### Exercise details:
Exactly reproduce the lines from the one containing "VM0033 Methodology for" through the last line of the data, both ends included, leaving out pictures.

### Stored data:
##########
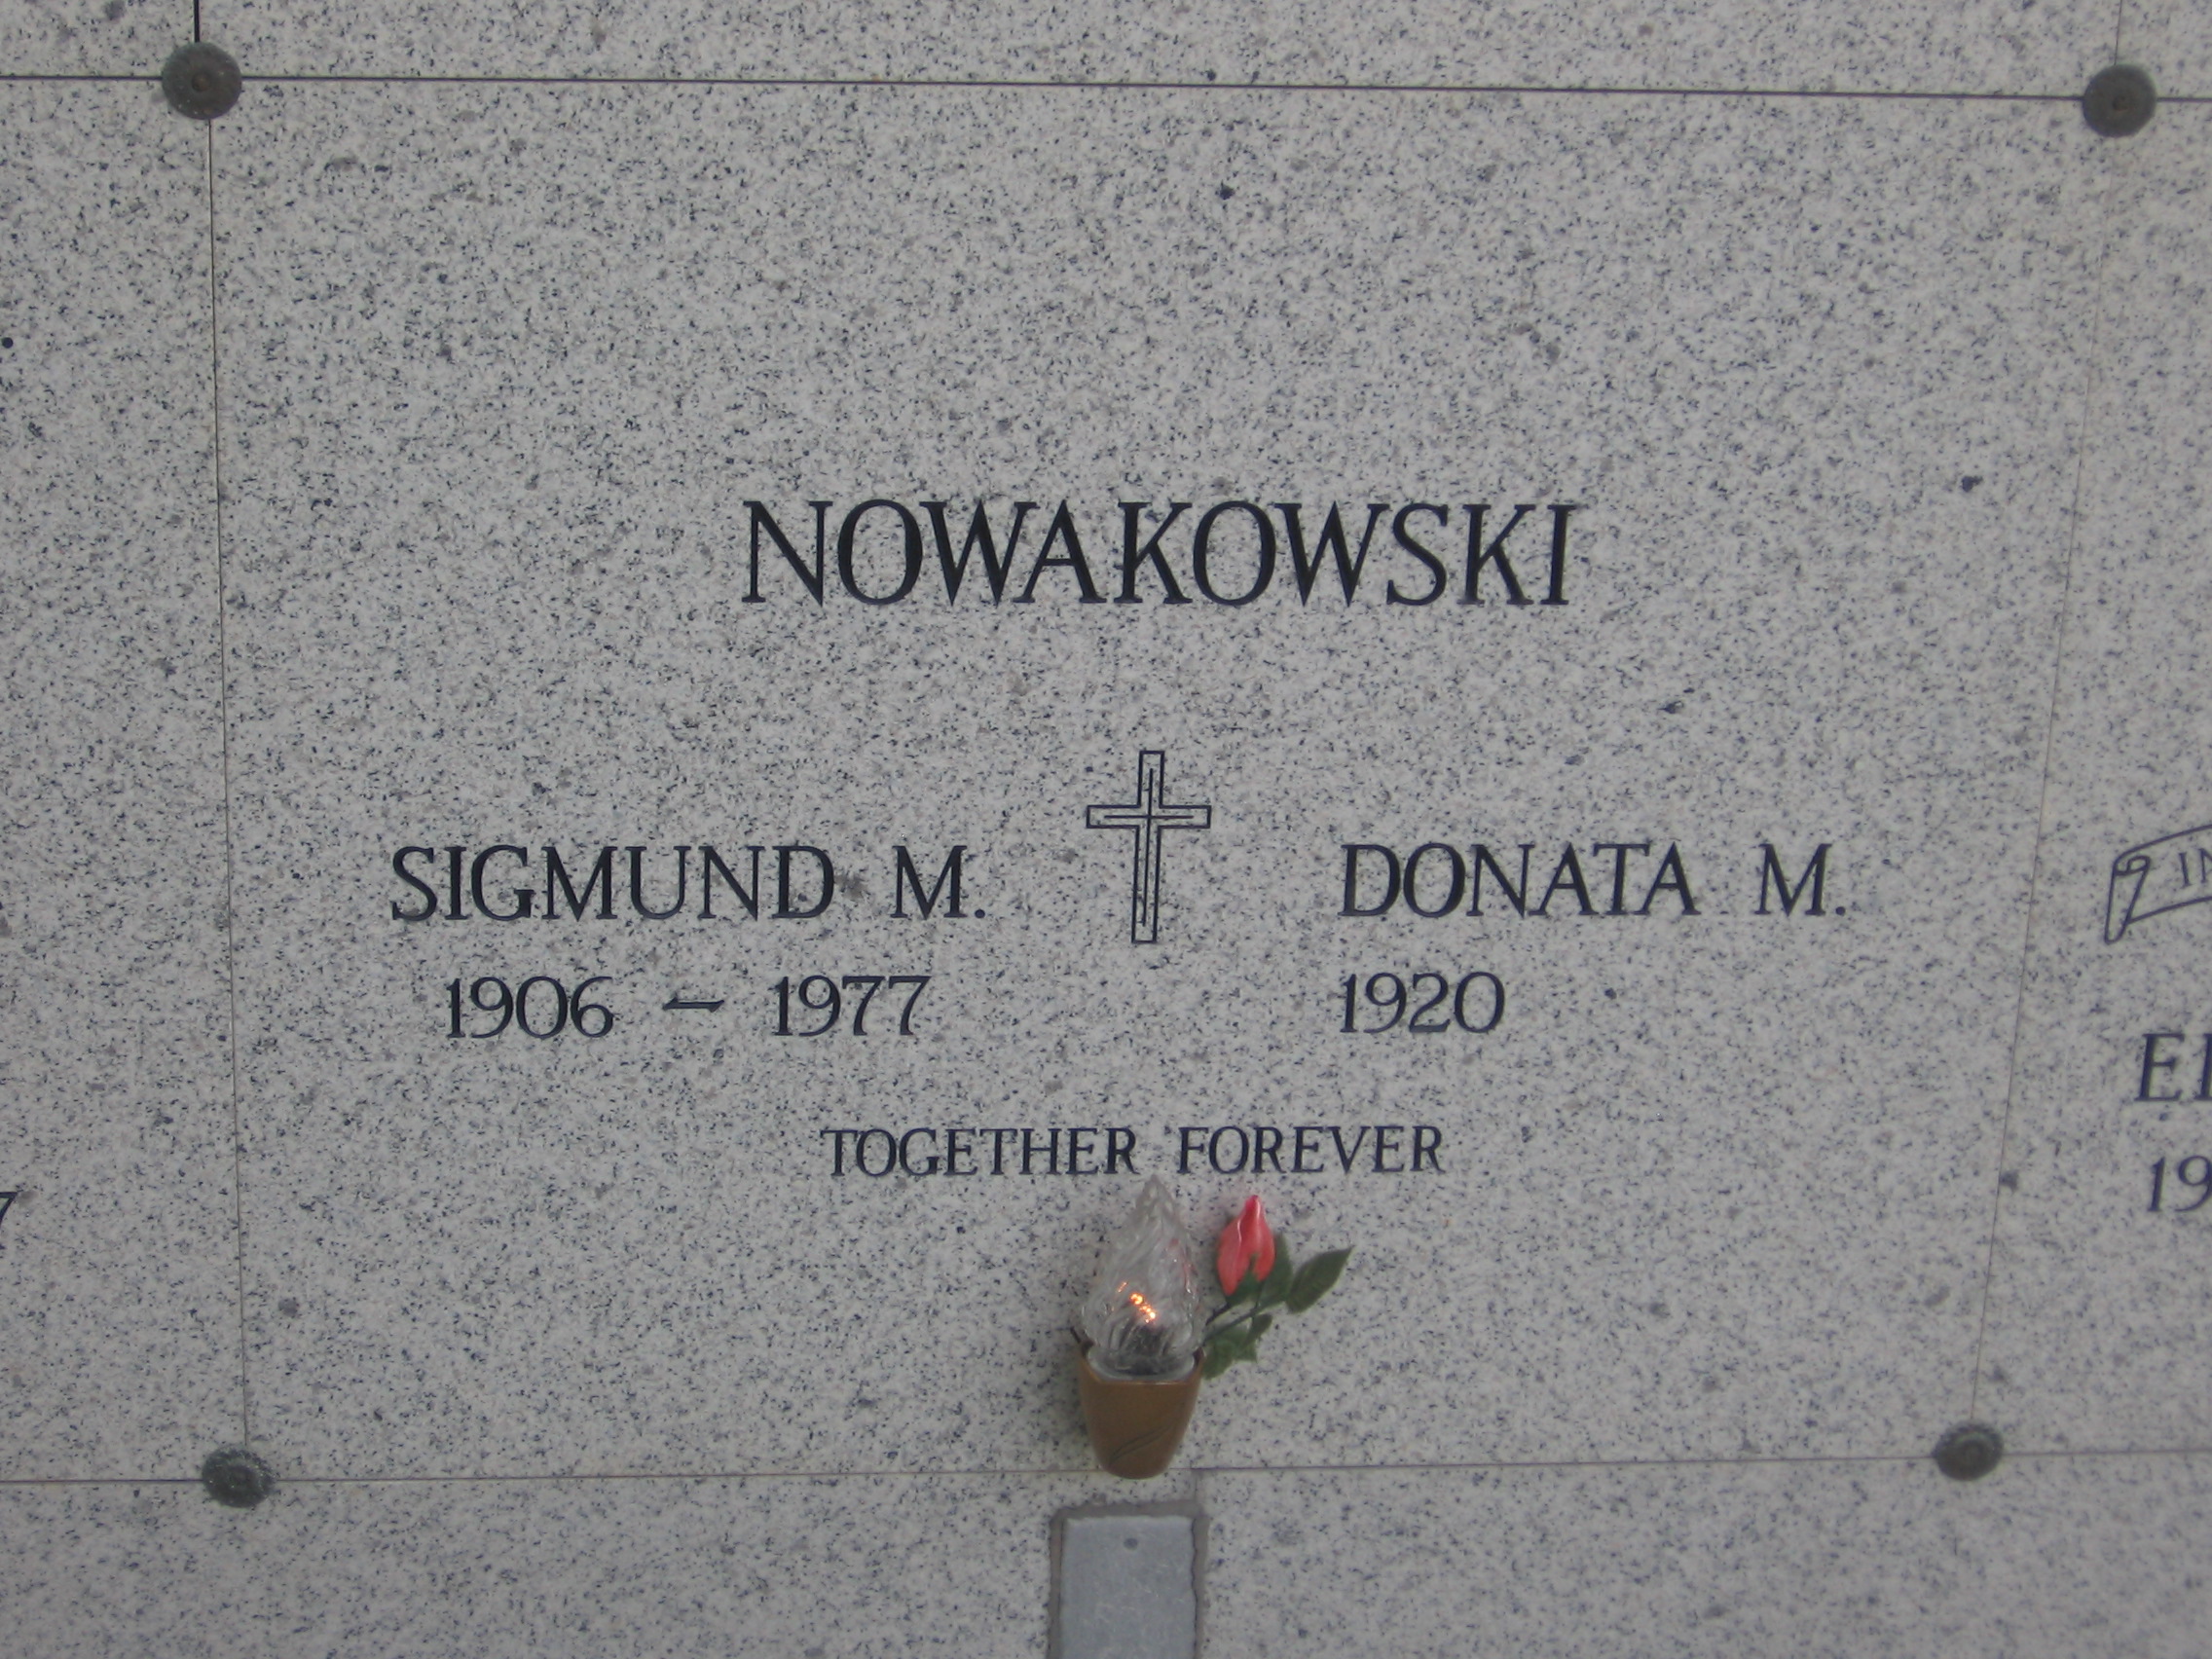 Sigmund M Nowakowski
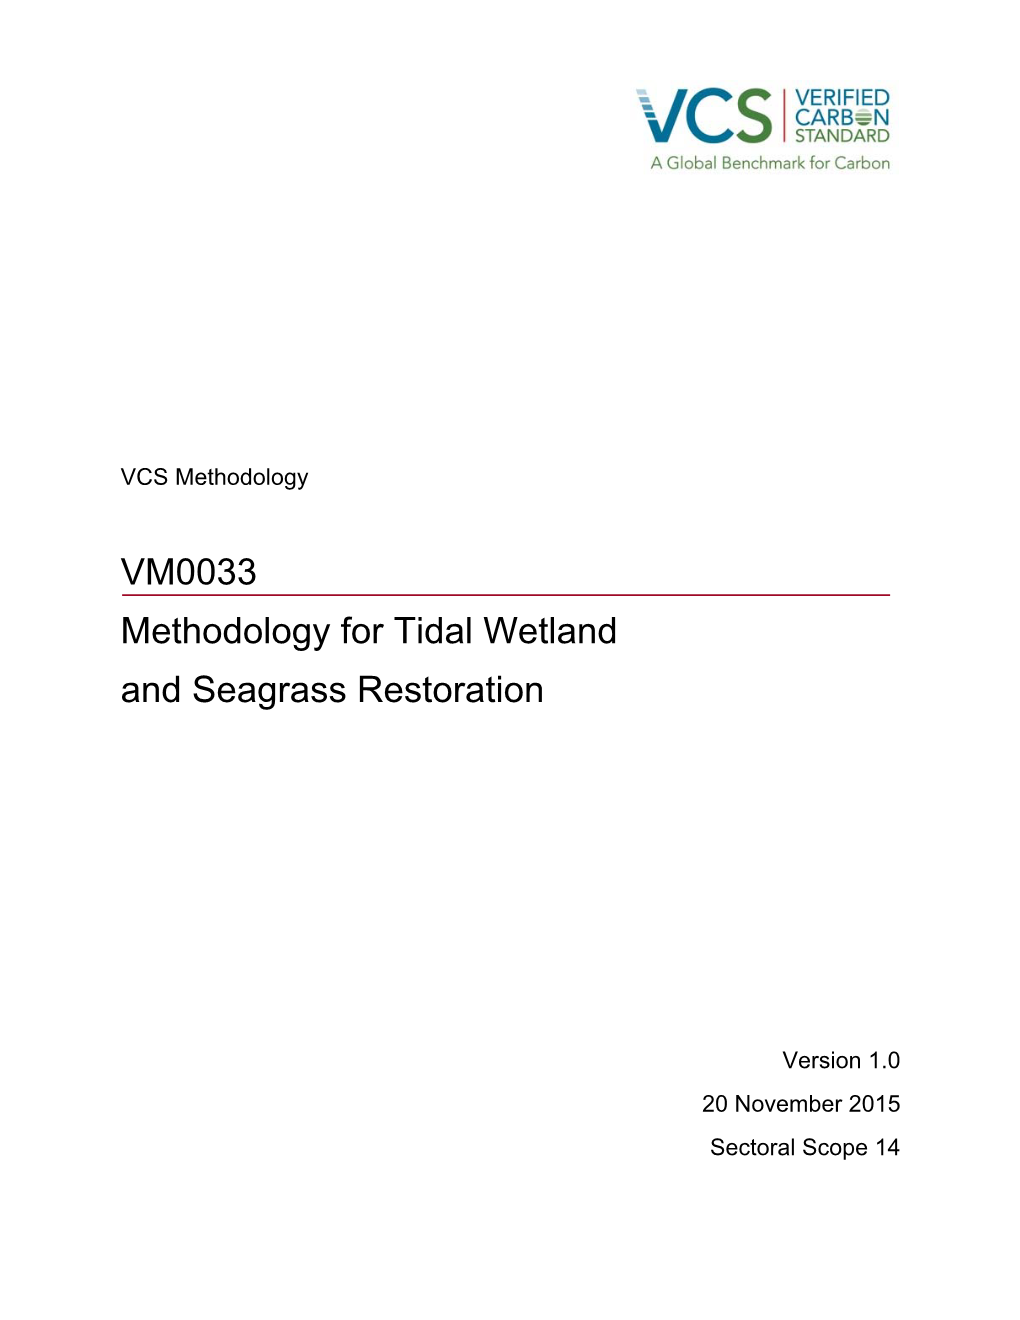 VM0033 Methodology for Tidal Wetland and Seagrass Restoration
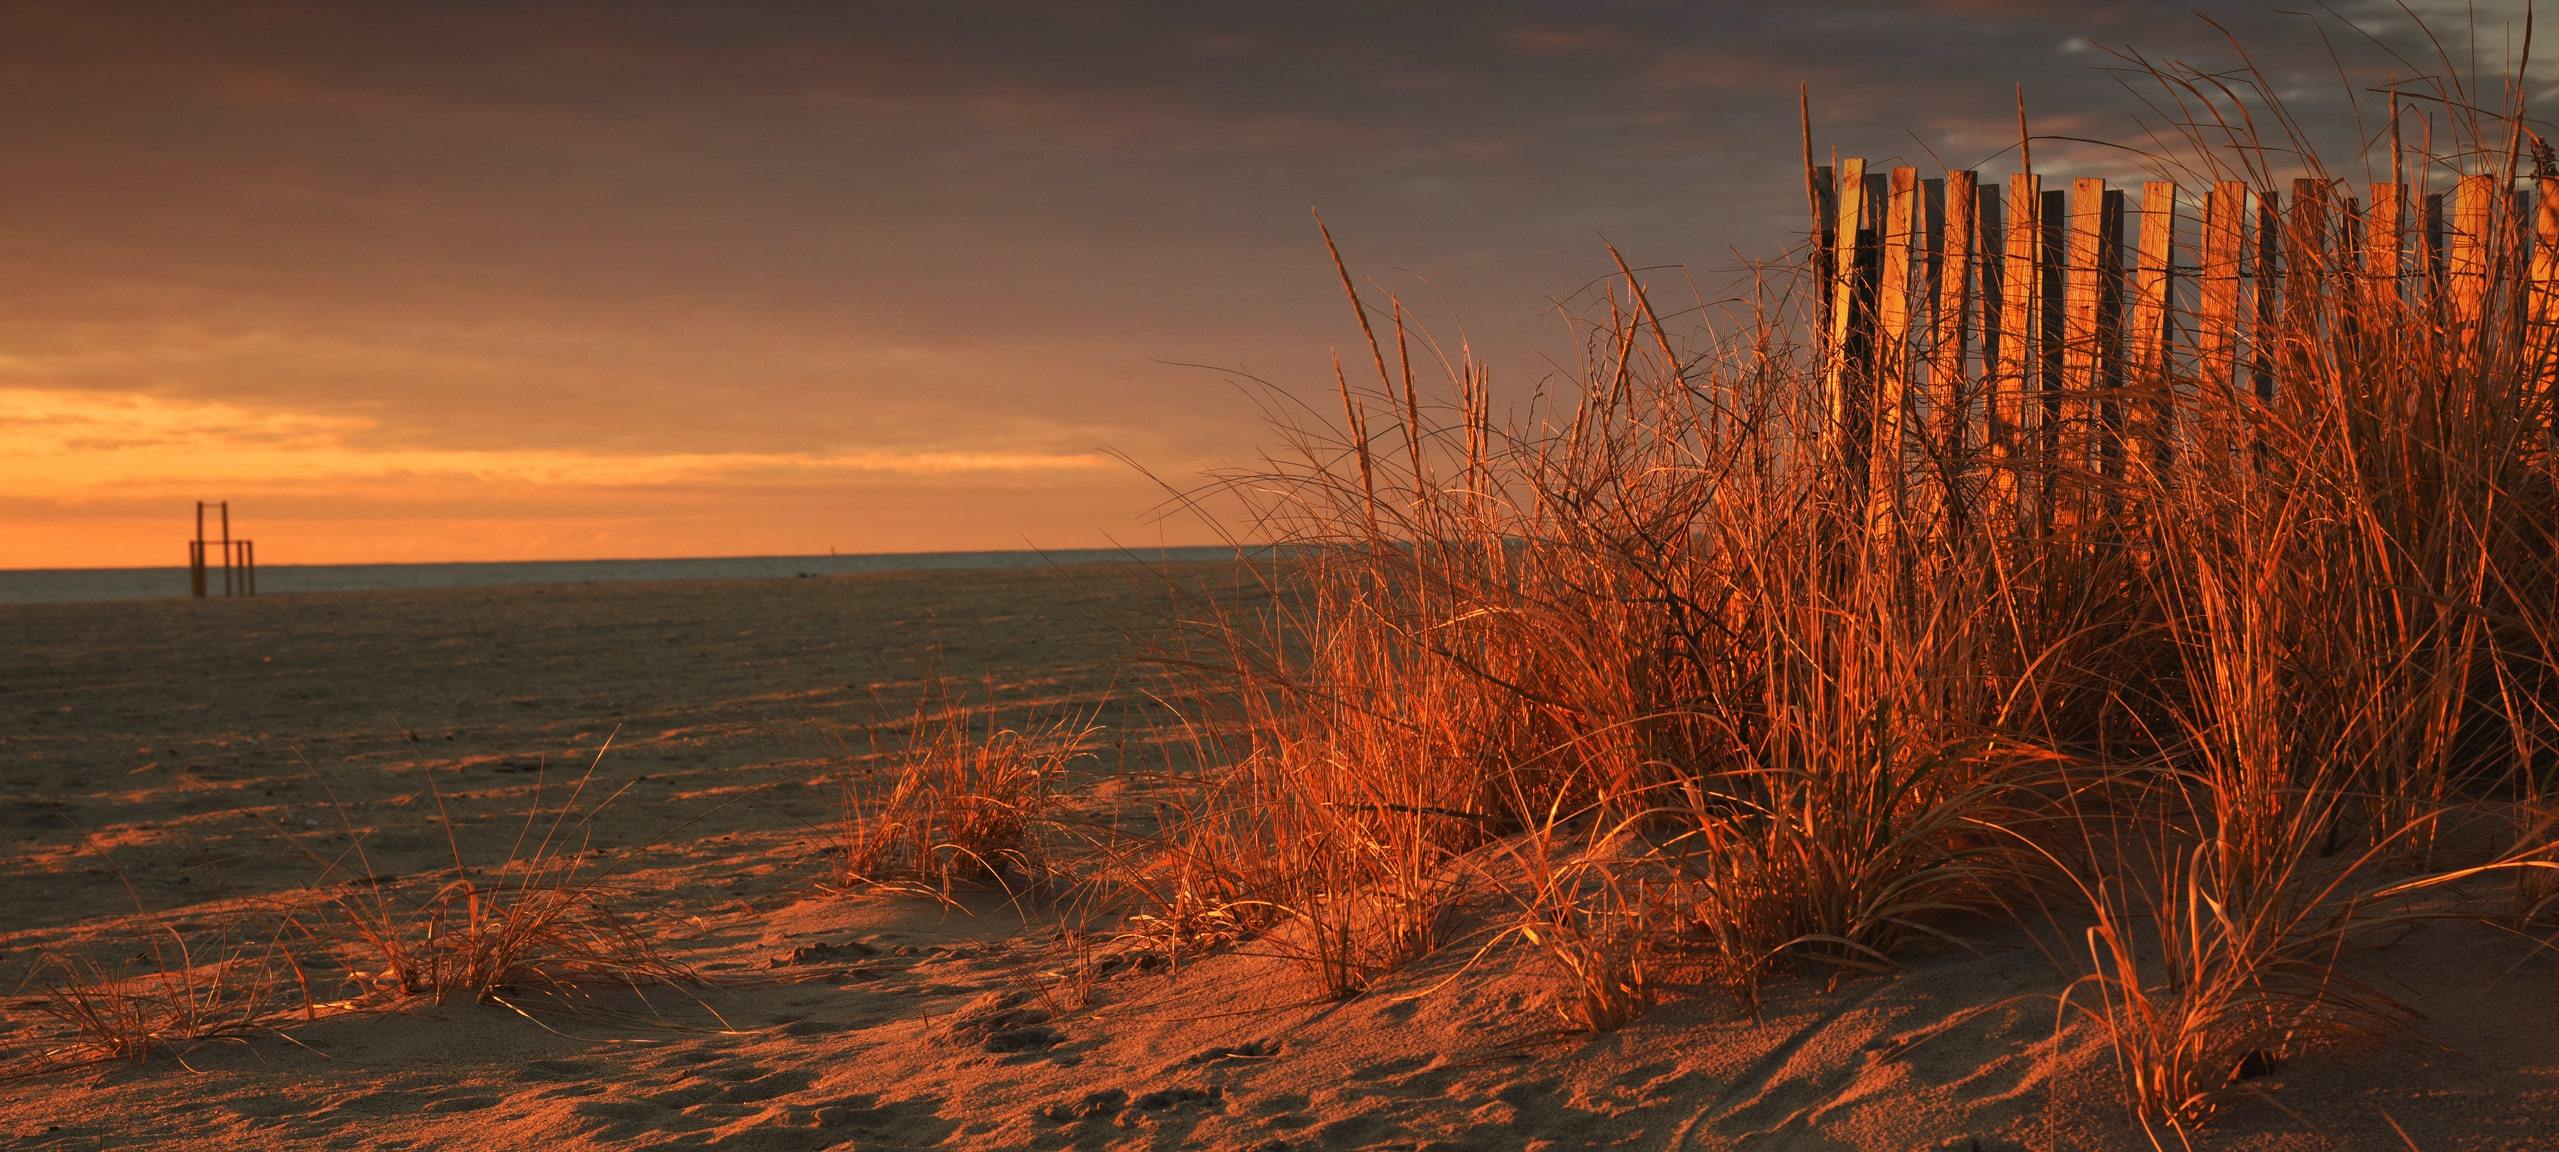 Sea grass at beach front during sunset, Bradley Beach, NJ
##########
### Solution below:
 VM0033 Methodology for Tidal Wetland and Seagrass Restoration
 Sea grass at beach front during sunset, Bradley Beach, NJ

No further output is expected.